Son pruebas al canto de la inteligencia de una lengua que desde hace tiempos no
cabe en su pellejo. Pero nuestra contribución no debería ser la de meterla en
cintura, sino al contrario, liberarla de sus fierros normativos para que entre
en el siglo veintiuno como Pedro por su casa.
En ese sentido, me atrevería a sugerir ante esta sabia audiencia que
simplifiquemos la gramática antes de que la gramática termine por simplificarnos
a nosotros. Humanicemos sus leyes, aprendamos de las lenguas indígenas a las que
tanto debemos lo mucho que tienen todavía para enseñarnos y enriquecernos,
asimilemos pronto y bien los neologismos técnicos y científicos antes de que se
nos infiltren sin digerir, negociemos de buen corazón con los gerundios
bárbaros, los ques endémicos, el dequeísmo parasitario, y devolvamos al
subjuntivo presente el esplendor de sus esdrújulas: váyamos en vez de vayamos,
cántemos en vez de cantemos, o el armonioso muéramos en vez del siniestro
muramos. Jubilemos la ortografía, terror del ser humano desde la cuna:
enterremos las haches rupestres, firmemos un tratado de límites entre la ge y
jota, y pongamos más uso de razón en los acentos escritos, que al fin y al cabo
nadie ha de leer lagrima donde diga lágrima ni confundirá revolver con revólver.
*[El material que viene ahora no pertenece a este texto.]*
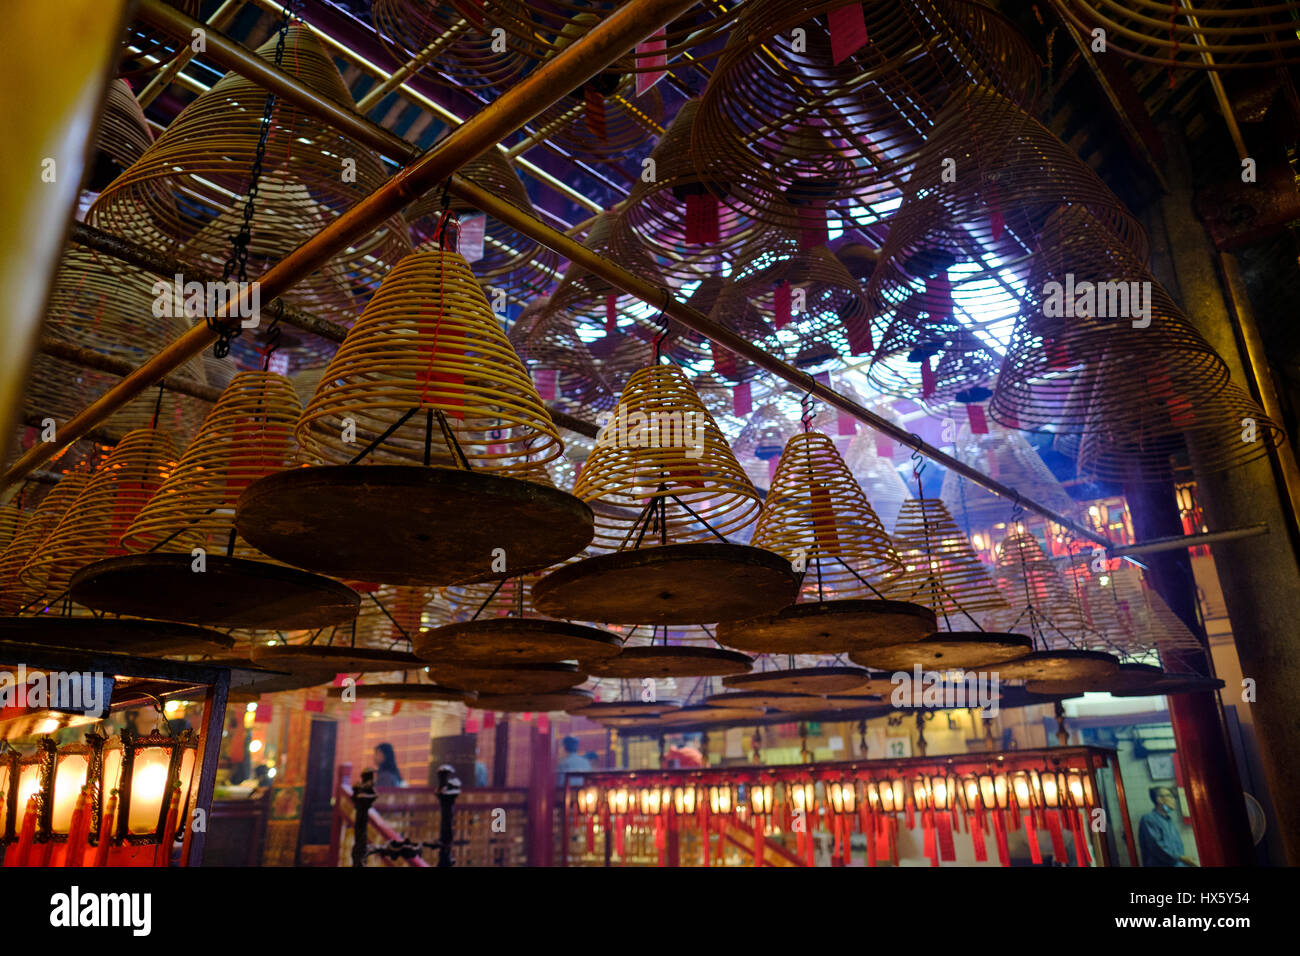 Grandi bobine di incenso che pendevano dal soffitto all'interno del Tempio di Man Mo, Hollywood Road, Sheung Wan, Isola di Hong Kong, Cina. Foto Stock

¿Y qué de nuestra be de burro y nuestra ve de vaca, que los abuelos españoles
nos trajeron como si fueran dos y siempre sobra una?
Son preguntas al azar, por supuesto, como botellas arrojadas a la mar con la
esperanza de que le lleguen al dios de las palabras. A no ser que por estas
osadías y desatinos, tanto él como todos nosotros terminemos por lamentar, con
razón y derecho, que no me hubiera atropellado a tiempo aquella bicicleta
providencial de mis doce años.
11 comentarios:
Ingenioso mi querido García Márquez pero no se lo cree ni él. Pretendió hacer una butade y lo consiguió. Pero luego el mismo ha manifestado que era un ensayo provocador.
Pero siempre interesante.
Salud y República
Toda una rebelión por cierto, pero creo que son evidentes las modificaciones en las palabras, en la gramática, porque ellas van evolucionando o involucionando con nosotros. Mezclas interlingüisticas que reafirman la integración.
Un besote grande!!
Si le oye mi profesora de 6º de Lengua de EGB que con cada palabra rara en los dictados decía:
"y eso subrayarlo con letras de oro"...
Es usted señor un reformador de tomo y lomo, no sé si la Real Sociedad de la Lengua estará de acuerdo con sus interesantes cambios.
Un abrazo.
La liberización de una lengua. ¿Quién se atreve a orquestar este gran cambio?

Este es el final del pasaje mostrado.